▸ **What is expected**
Please retype the data below line for line and leave out every picture.

▸ **Given material**
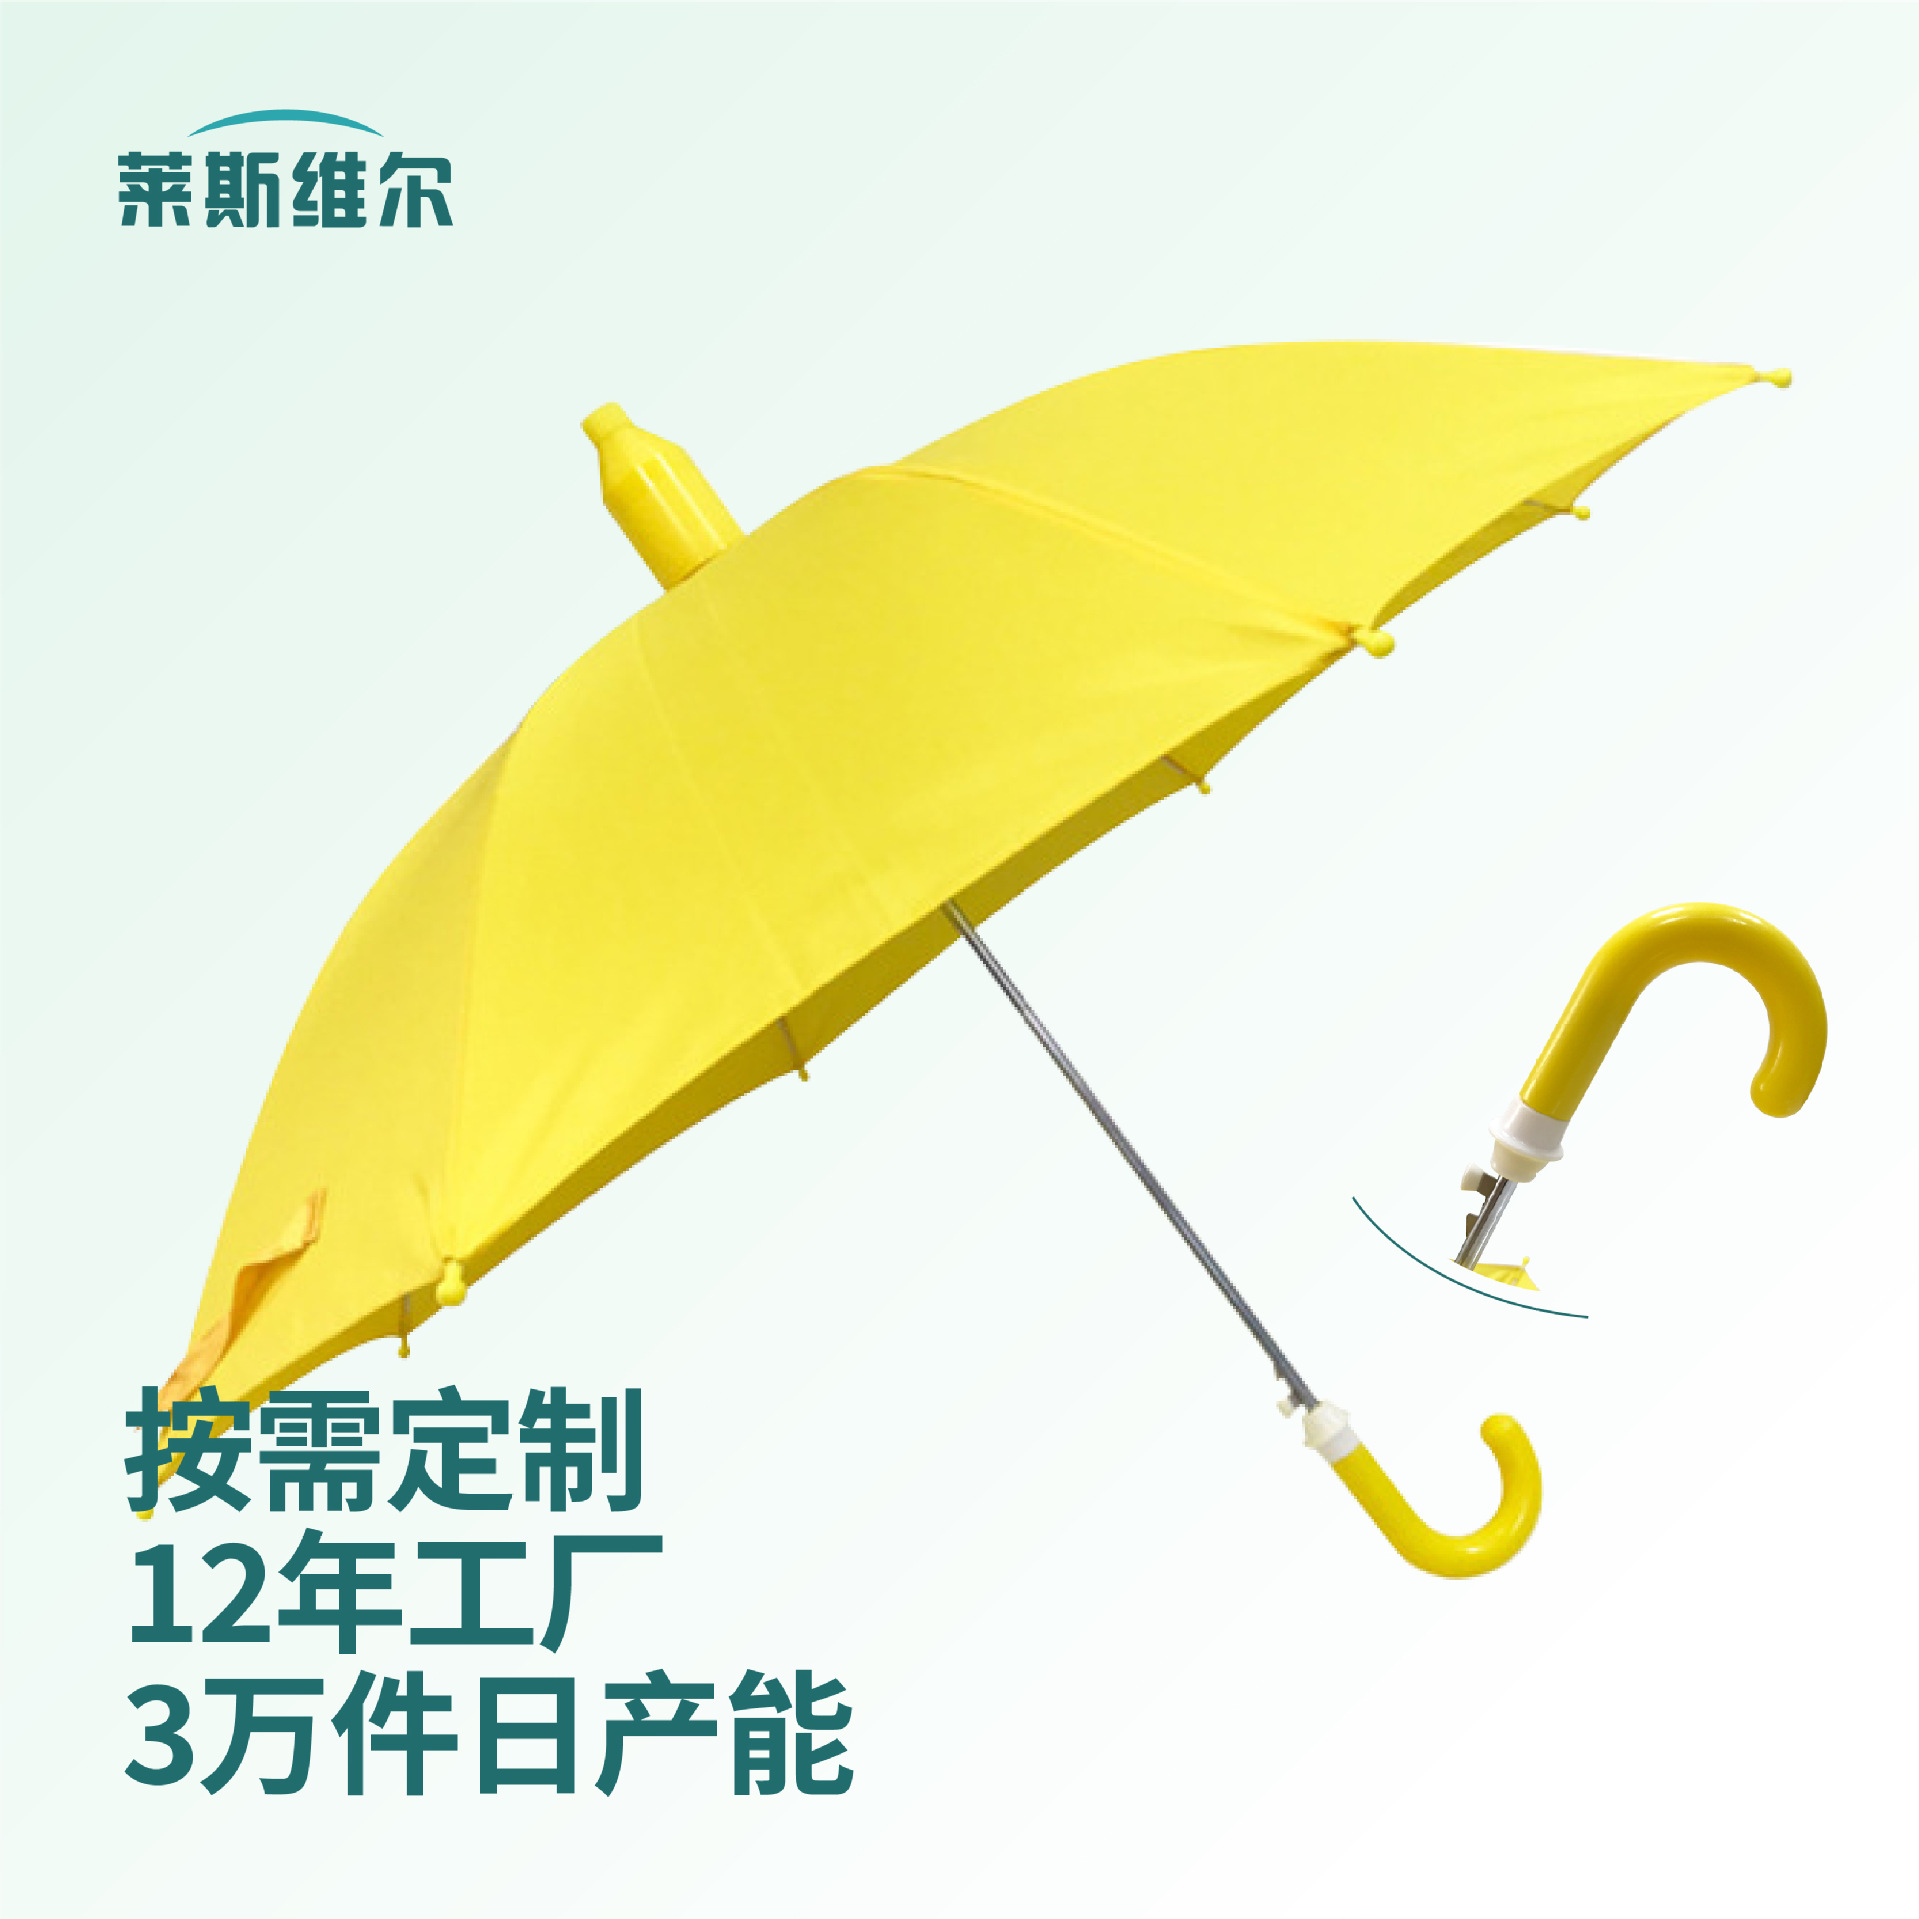 防水套8骨儿童雨伞批发可定制图案logo晴雨两用长柄直杆儿童雨伞
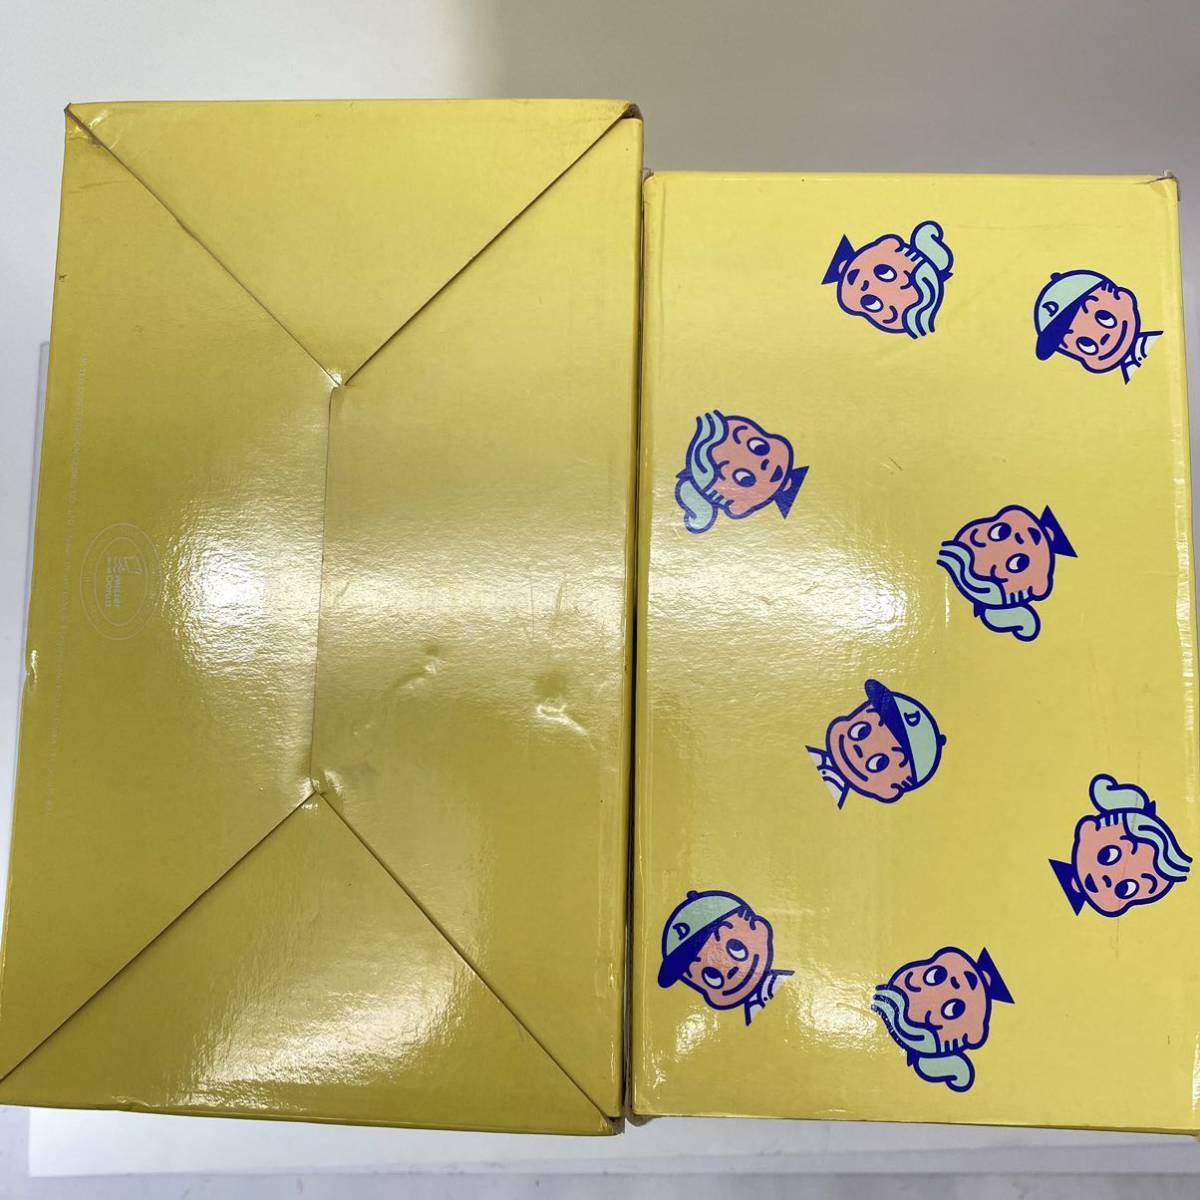  Mister Donut бумага коробка выдвижной ящик бардачок желтый цвет желтый . рисовое поле . retro pop Novelty подлинная вещь текущее состояние товар 0205
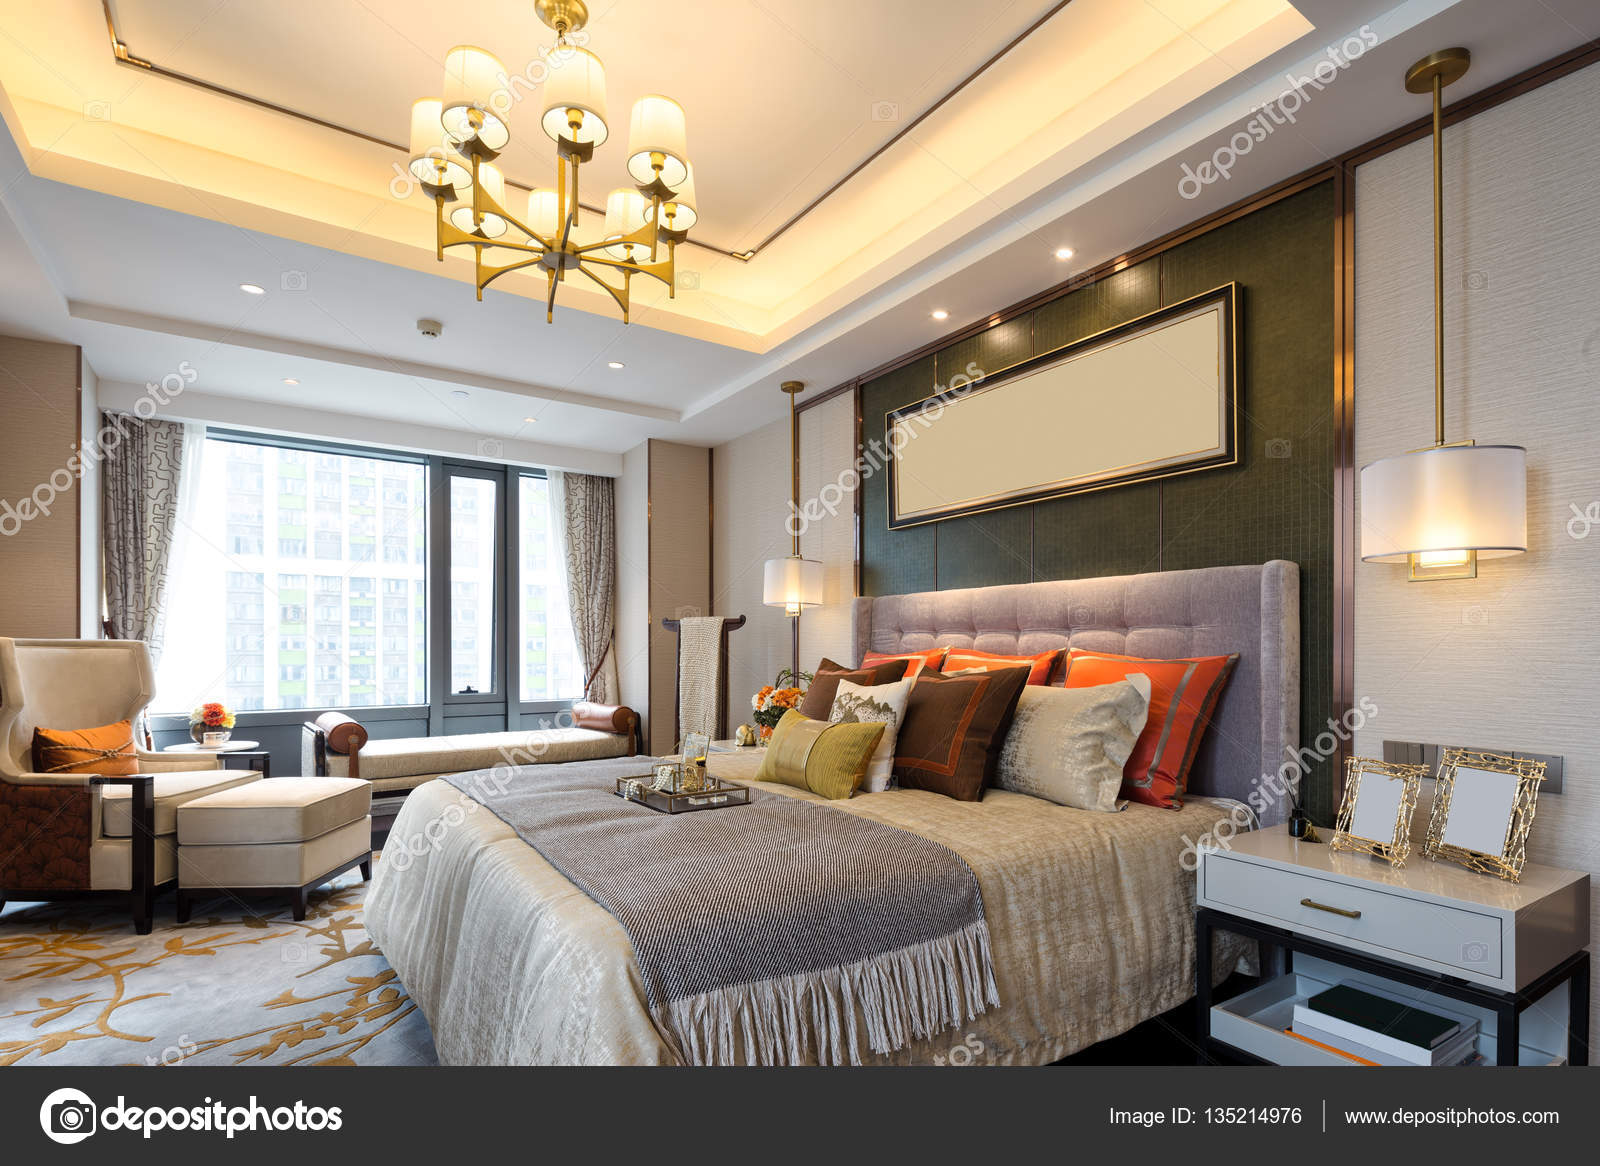 Interior de dormitorio moderno — Fotos de Stock © zhudifeng #135214976

▸ **Answer space**
 防水套8骨儿童雨伞批发可定制图案logo晴雨两用长柄直杆儿童雨伞
  Mister Donut бумага коробка выдвижной ящик бардачок желтый цвет желтый . рисовое поле . retro pop Novelty подлинная вещь текущее состояние товар 0205
 Interior de dormitorio moderno — Fotos de Stock © zhudifeng #135214976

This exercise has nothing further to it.